As described in Section 3.2, we conducted experiments with various values of *k* for *k*-nearest neighbor profile graphs in both Pascal dataset and IV’04 dataset Section 3.3 reported the results for *k* = 10. The results for other values of *k* in *k*-NN graph (*k* = 20, 40, 80) are shown in Figs. 6 and 7. Figure 6 is for Pascal dataset, and Fig. 7 for IV’04 dataset.

As illustrated in these figures, results with other values of *k* are similar to the result with *k* = 10 in Fig. 2. Especially, as the value of *k* increases, similar results were observed as in the results for the fully connected (complete) profile graph in Fig. 1. Furthermore, increasing the value of *k* deteriorated the performance of LabelPropagation. In addition, LeadingEigenvector showed almost no difference except for *α* = 1 and *r* = 1. Thus, these results also conform to the results and discussions in Section 3.

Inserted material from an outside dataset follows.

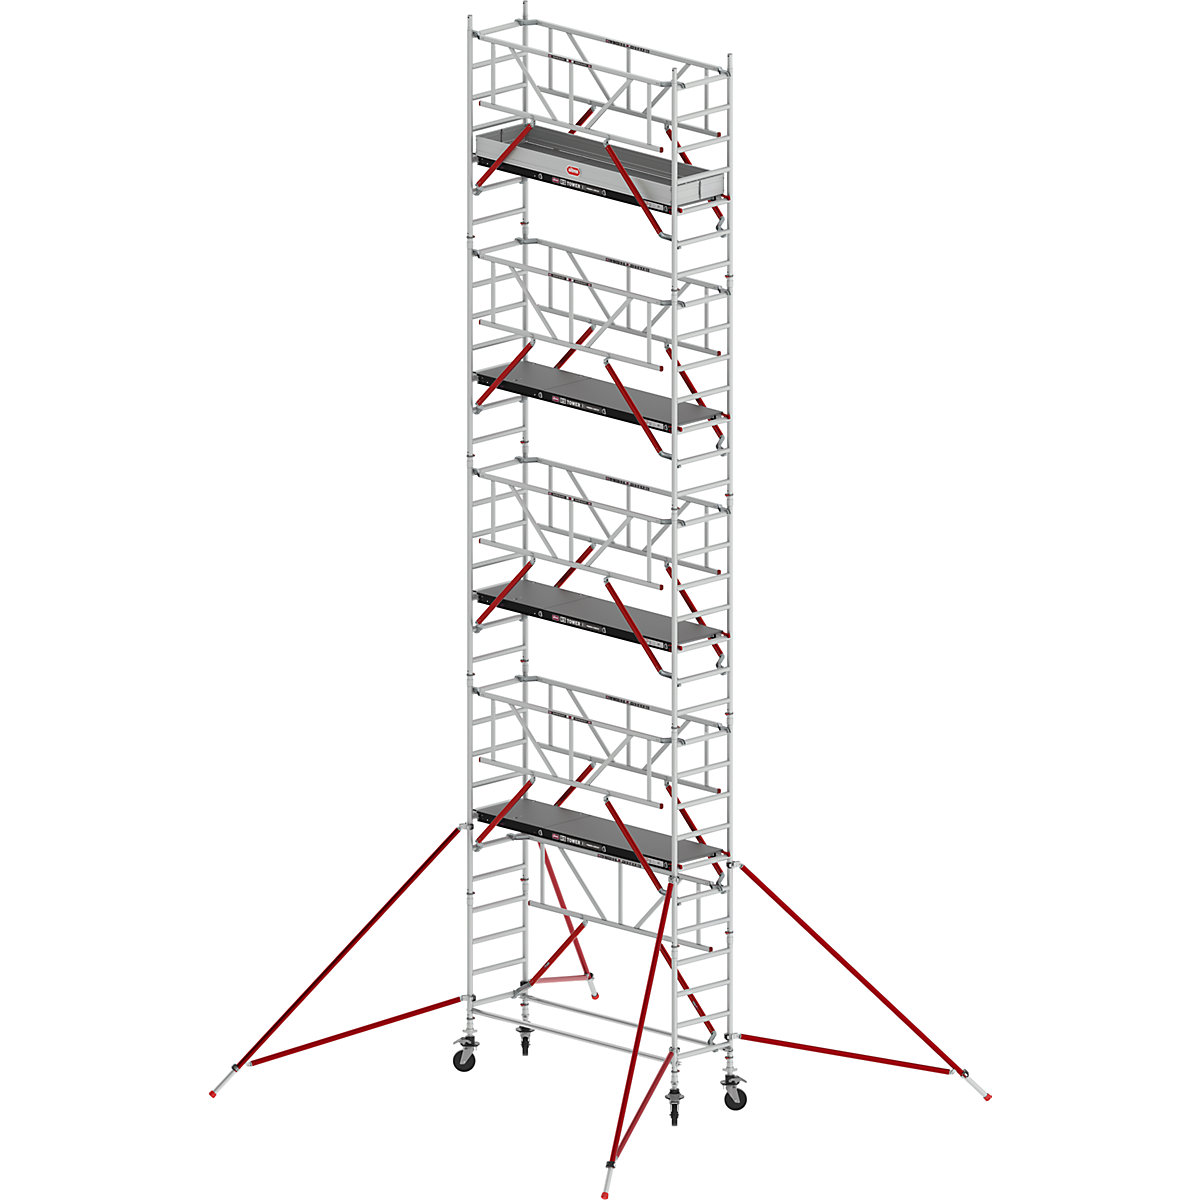 Pomičen oder RS TOWER 51, ozek – Altrex, ploščad Fiber-Deck®, dolžina 2,45 m, delovna višina 10,20 m
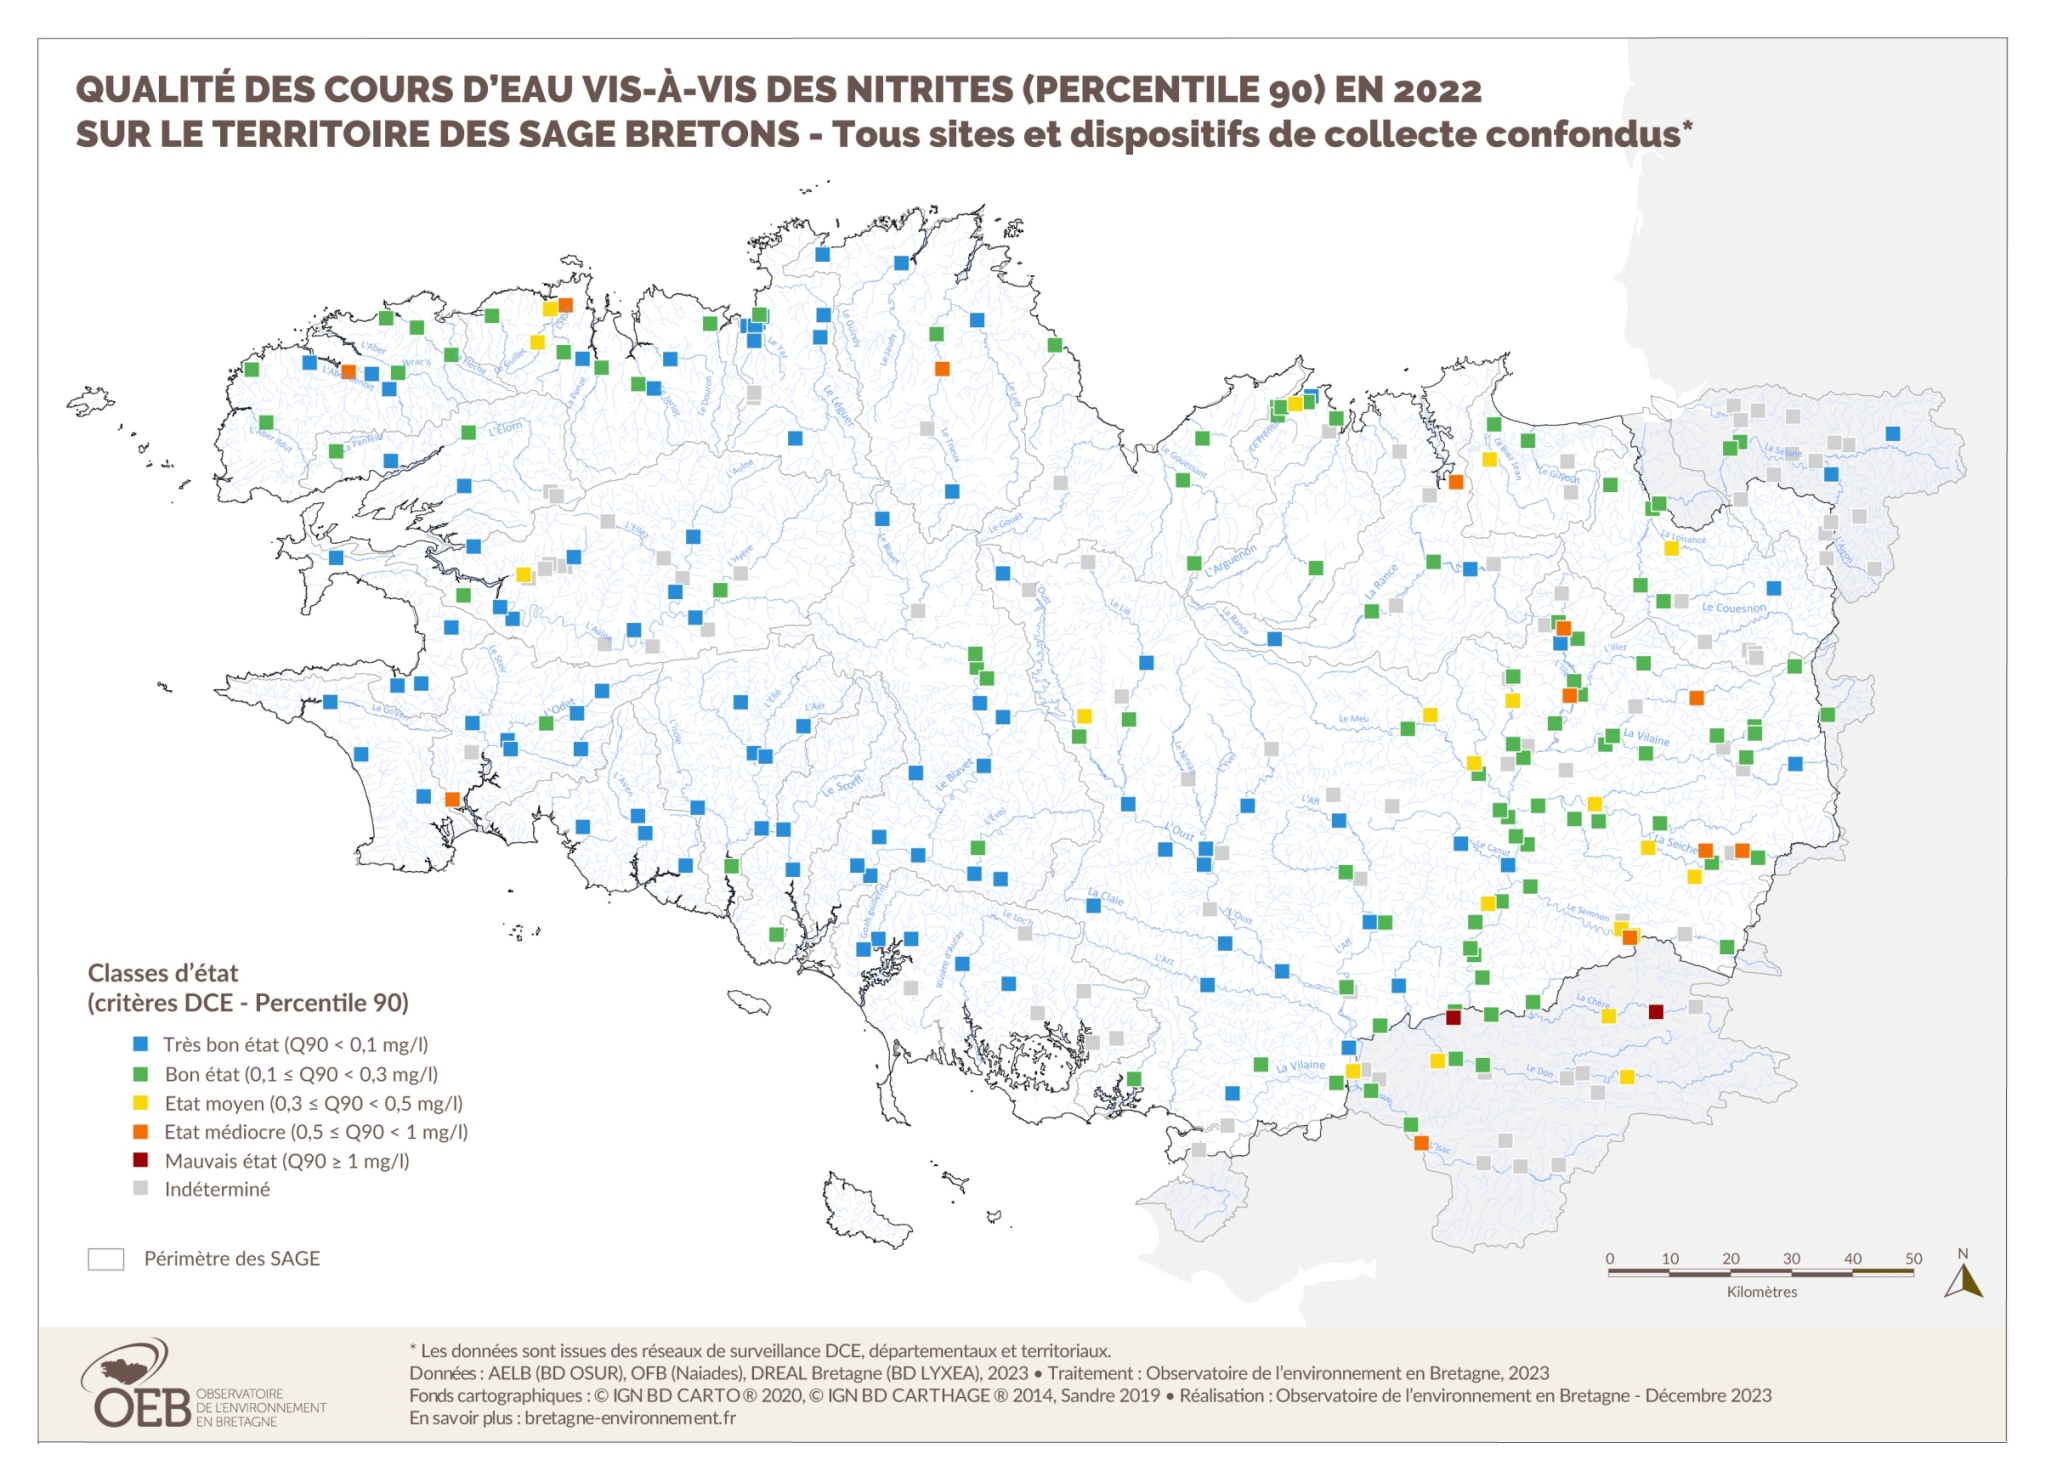 Qualité des cours d'eau bretons vis-à-vis des nitrites (Q90) en 2022

### 1.2 A.2 Results with different values of *k* in the proposed method

As in Section A1, we also conducted evaluations with other values of *k* in *k*-NN graph (*k* = 20, 40, 80). In addition, for defining the weights in profile graphs, we conducted experiments with both cosine similarity and KL similarity defined in (13). The results are shown in Figs. 8 (Pascal dataset) and 9 (IV’04 dataset). In these figures, first row corresponds to cosine similarity, and second row corresponds to KL similarity. In addition, left column is for *k* = 20, middle for *k* = 40, and right for *k* = 80.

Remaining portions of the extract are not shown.